## [REQUIREMENT]
If a picture appears, leave it out, and reproduce exactly the lines from the start of the listing below through the one bearing "werewolf howling at".

## [DATA]
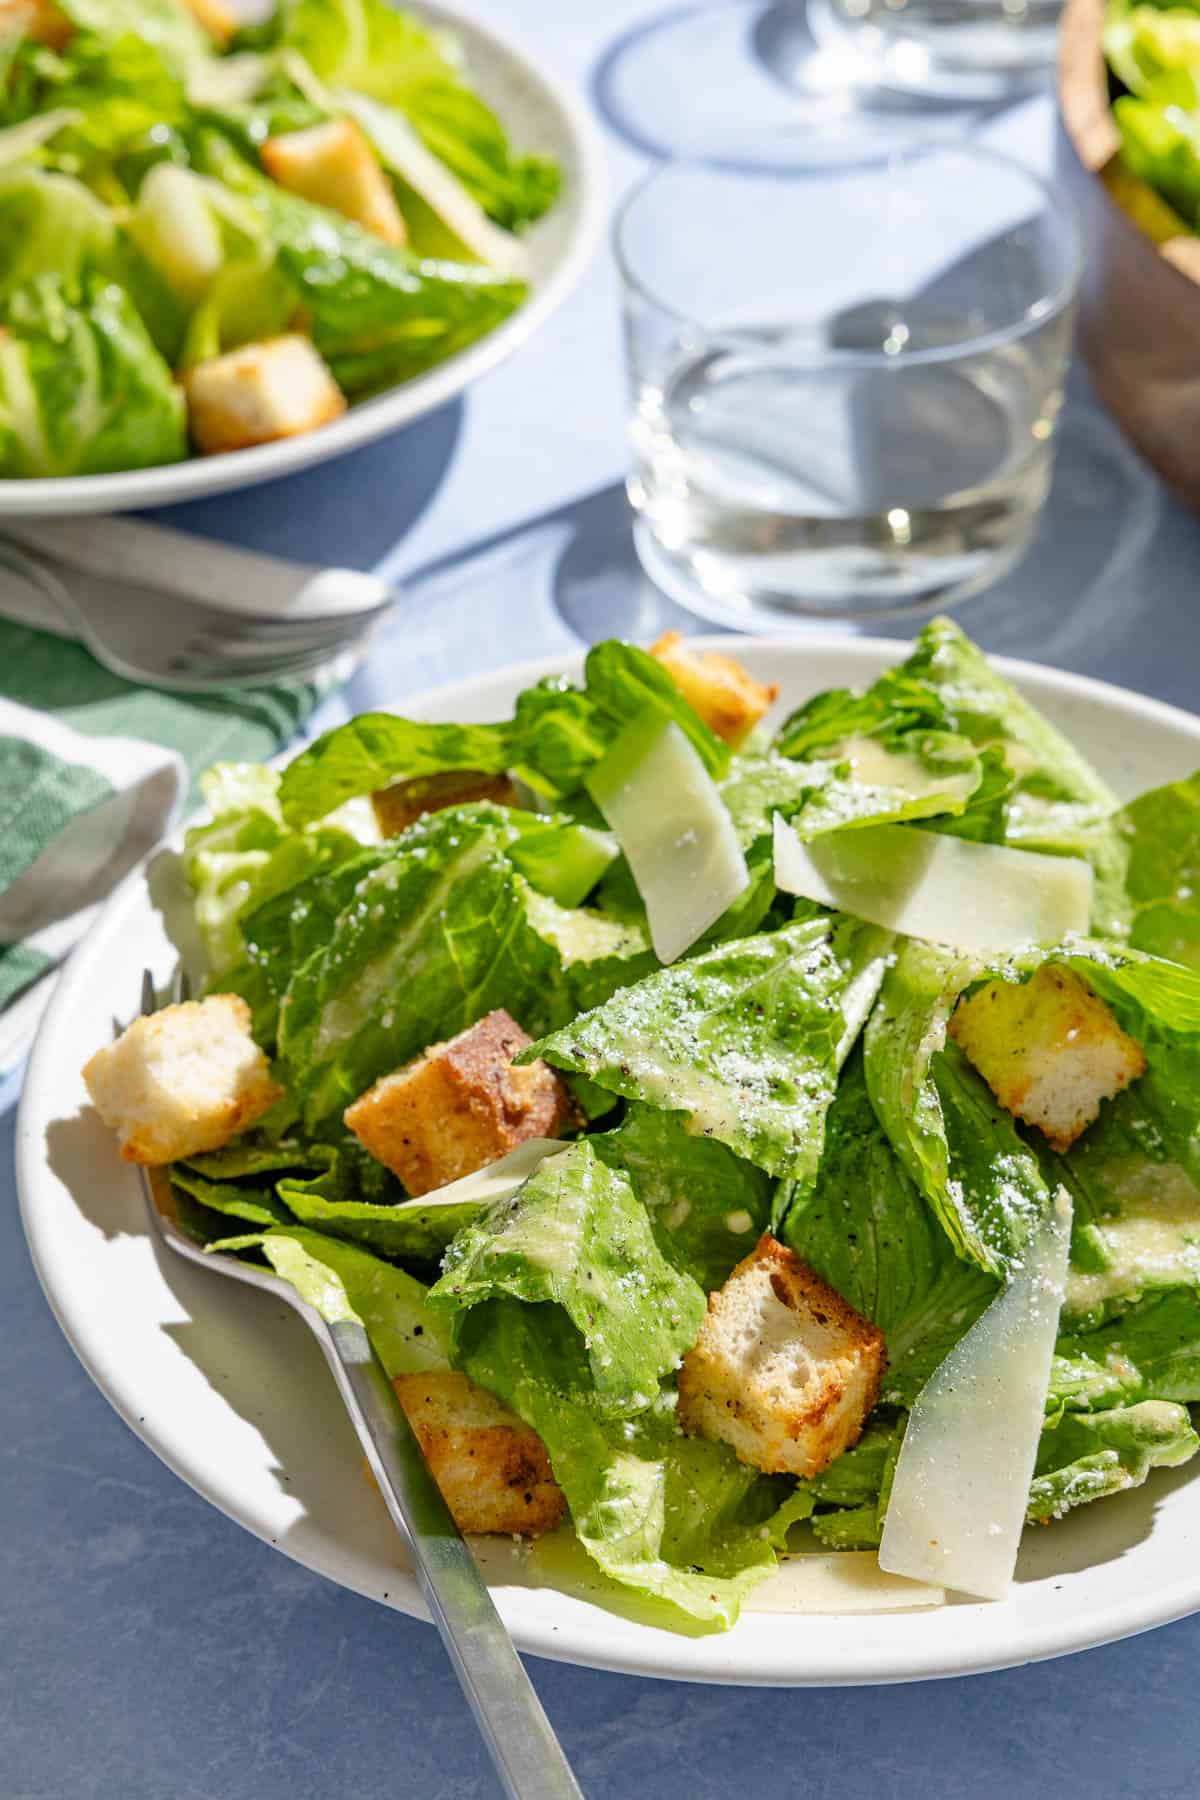 A close up of a plate of caesar salad with a fork. Next to this is another plate of the salad, a glass of water, and a fork on a cloth napkin.
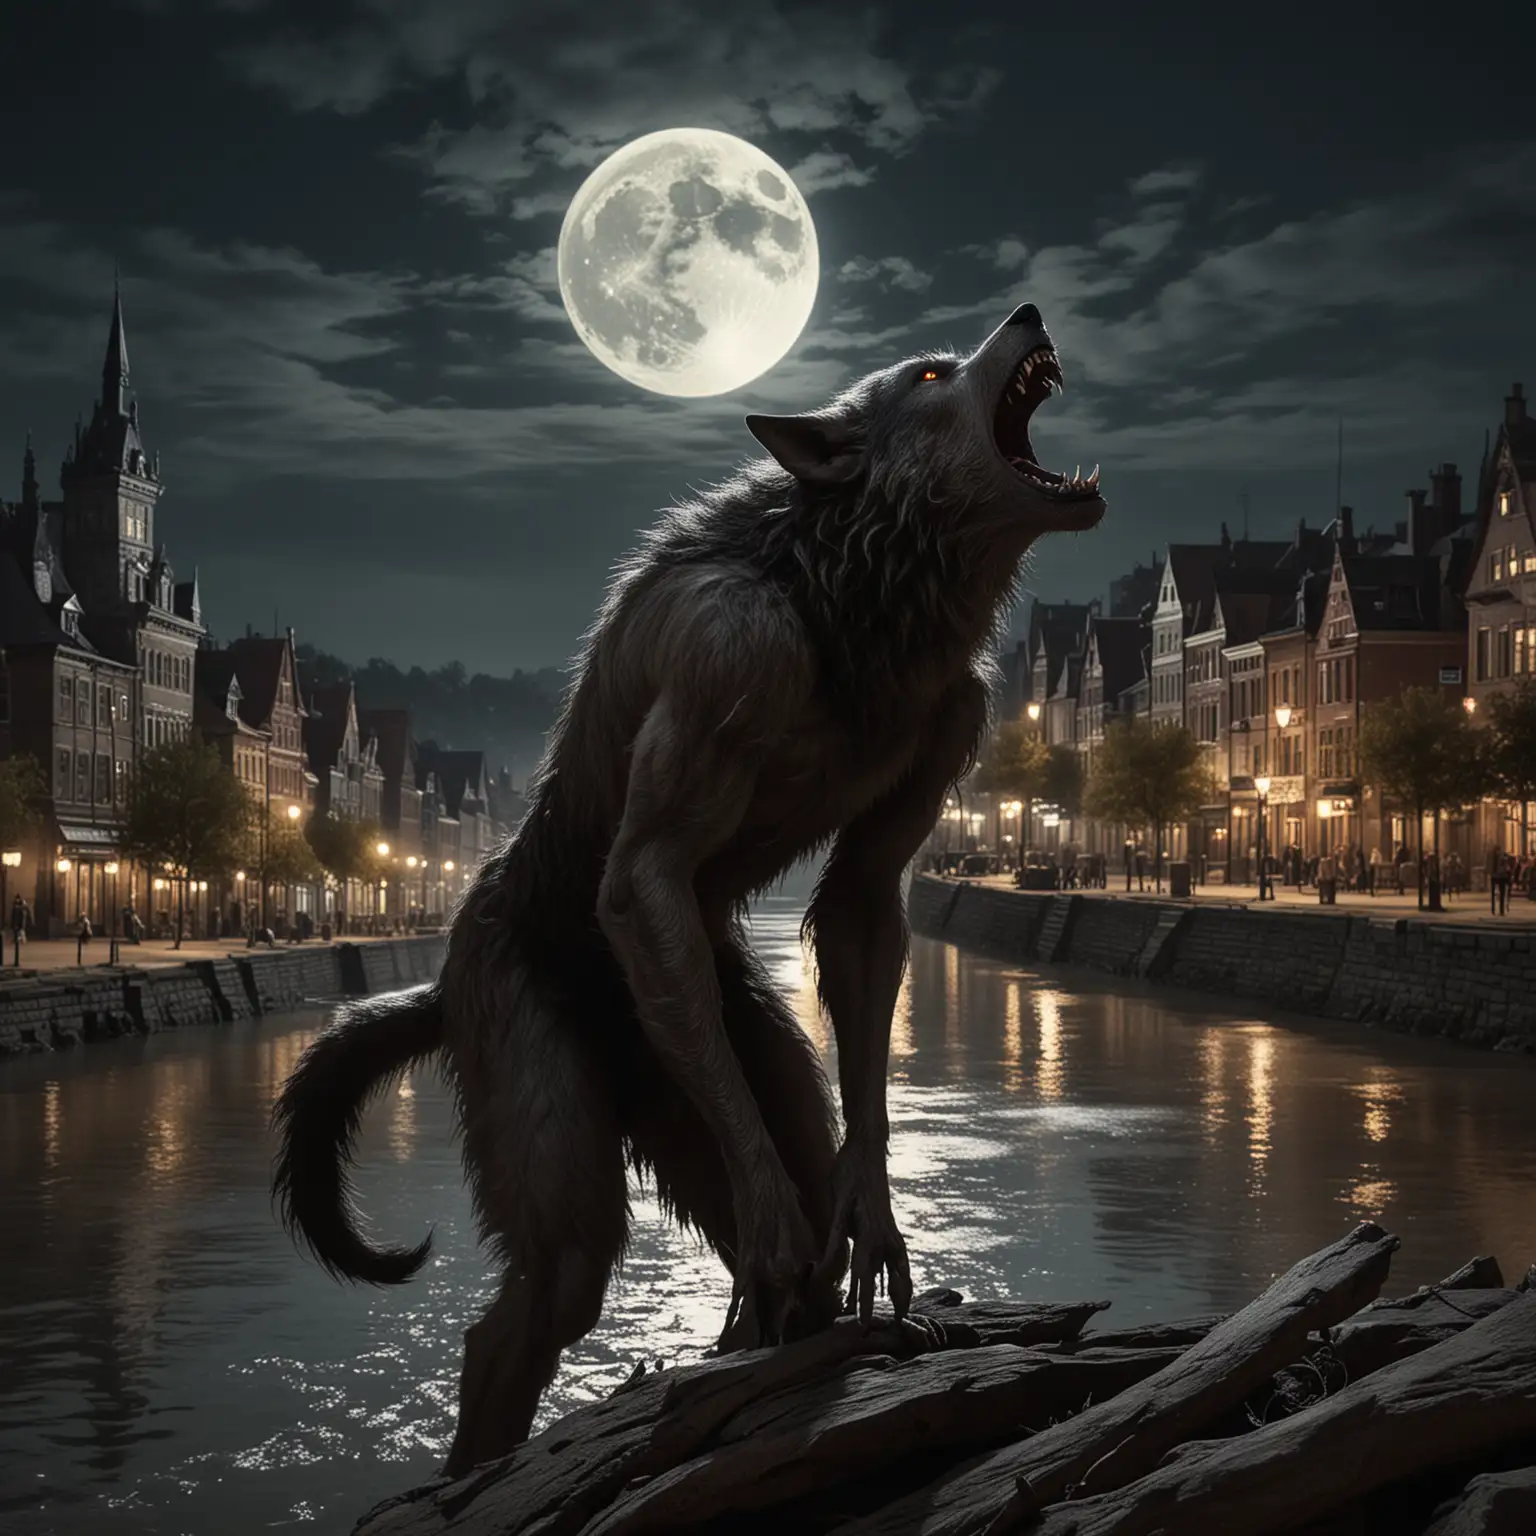 werewolf howling at the moon in a city with river nearby
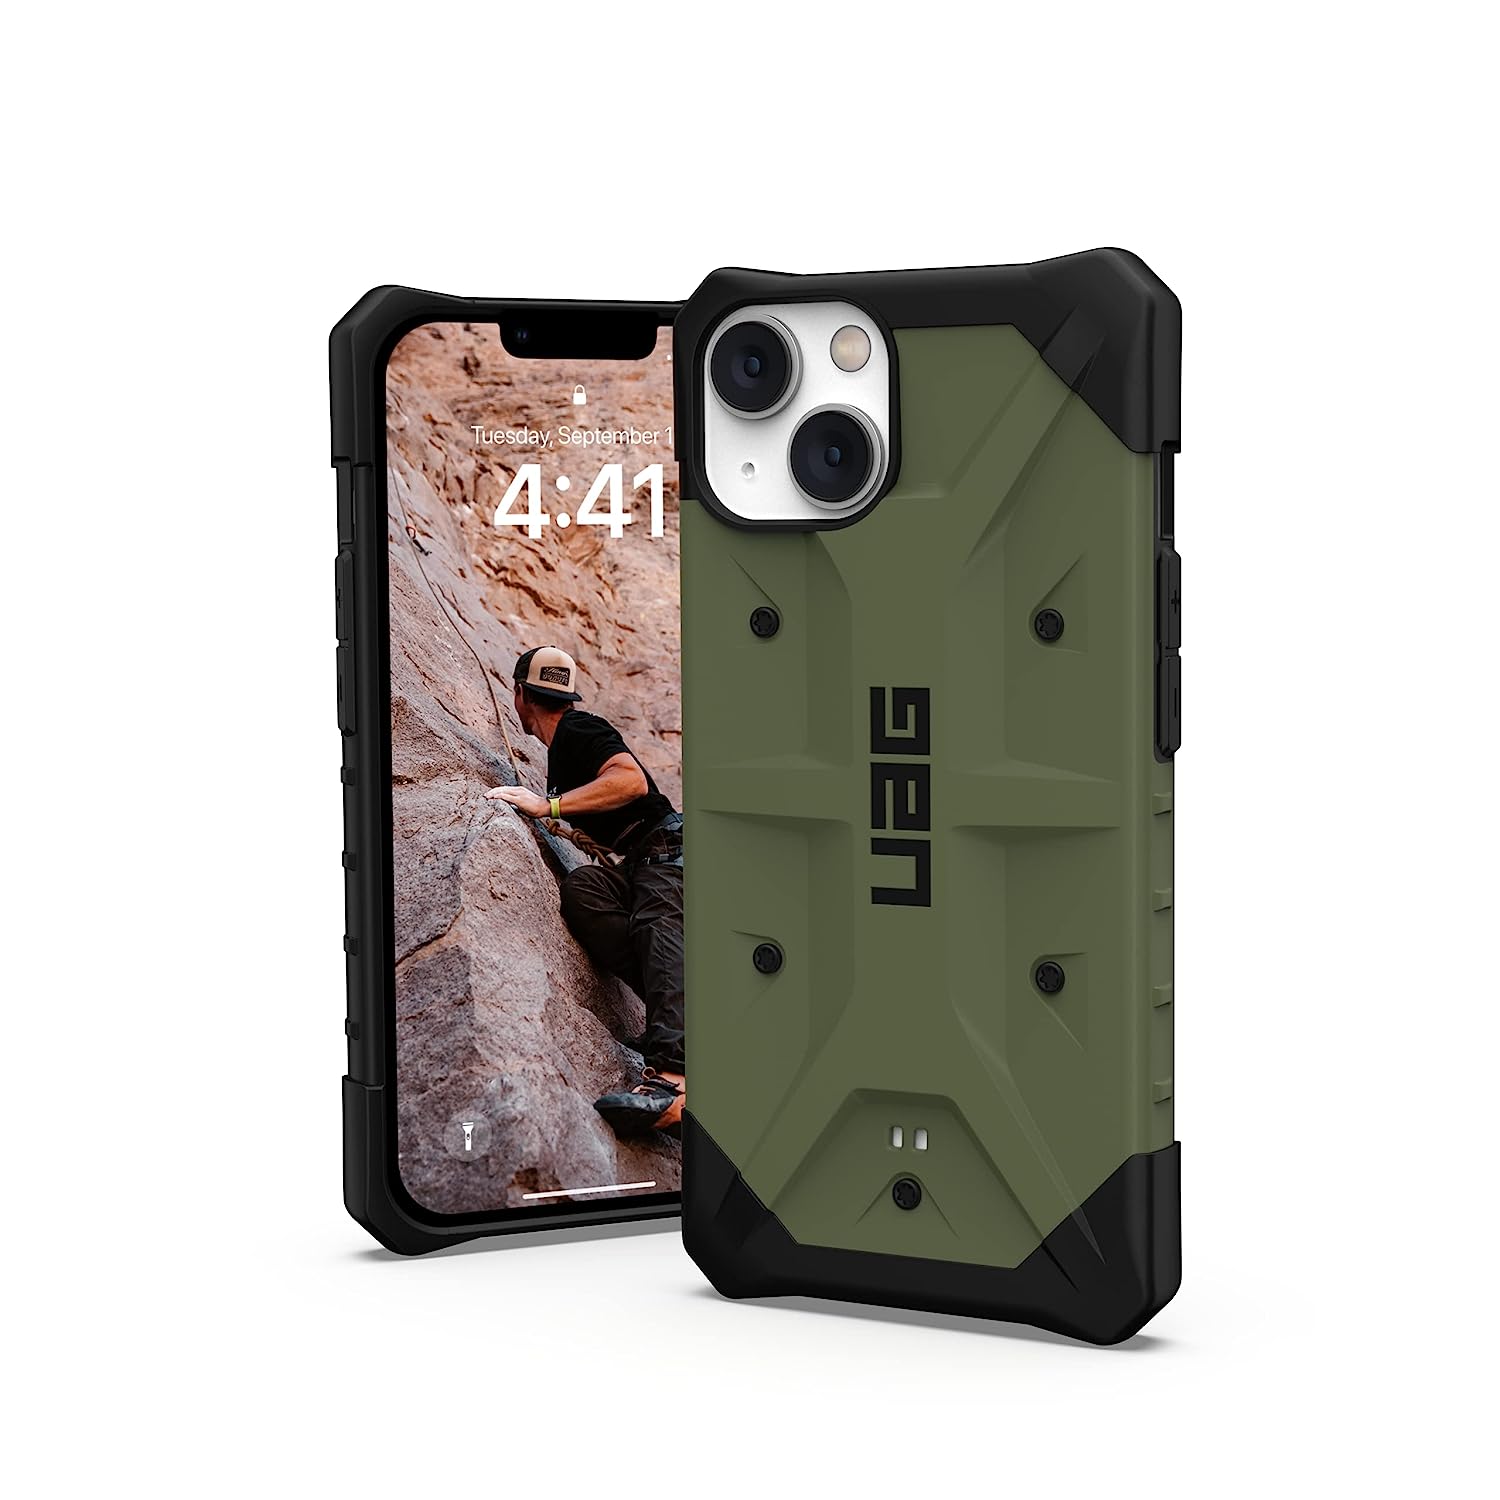 iPhone 14 Armor Cover | Original Urban Armor Slim Fit Rugged Protective Case/Cover Designed For Apple iPhone 14 UAG Olive

## [RESPONSE TO THIS EXERCISE]
 A close up of a plate of caesar salad with a fork. Next to this is another plate of the salad, a glass of water, and a fork on a cloth napkin.
 werewolf howling at the moon in a city with river nearby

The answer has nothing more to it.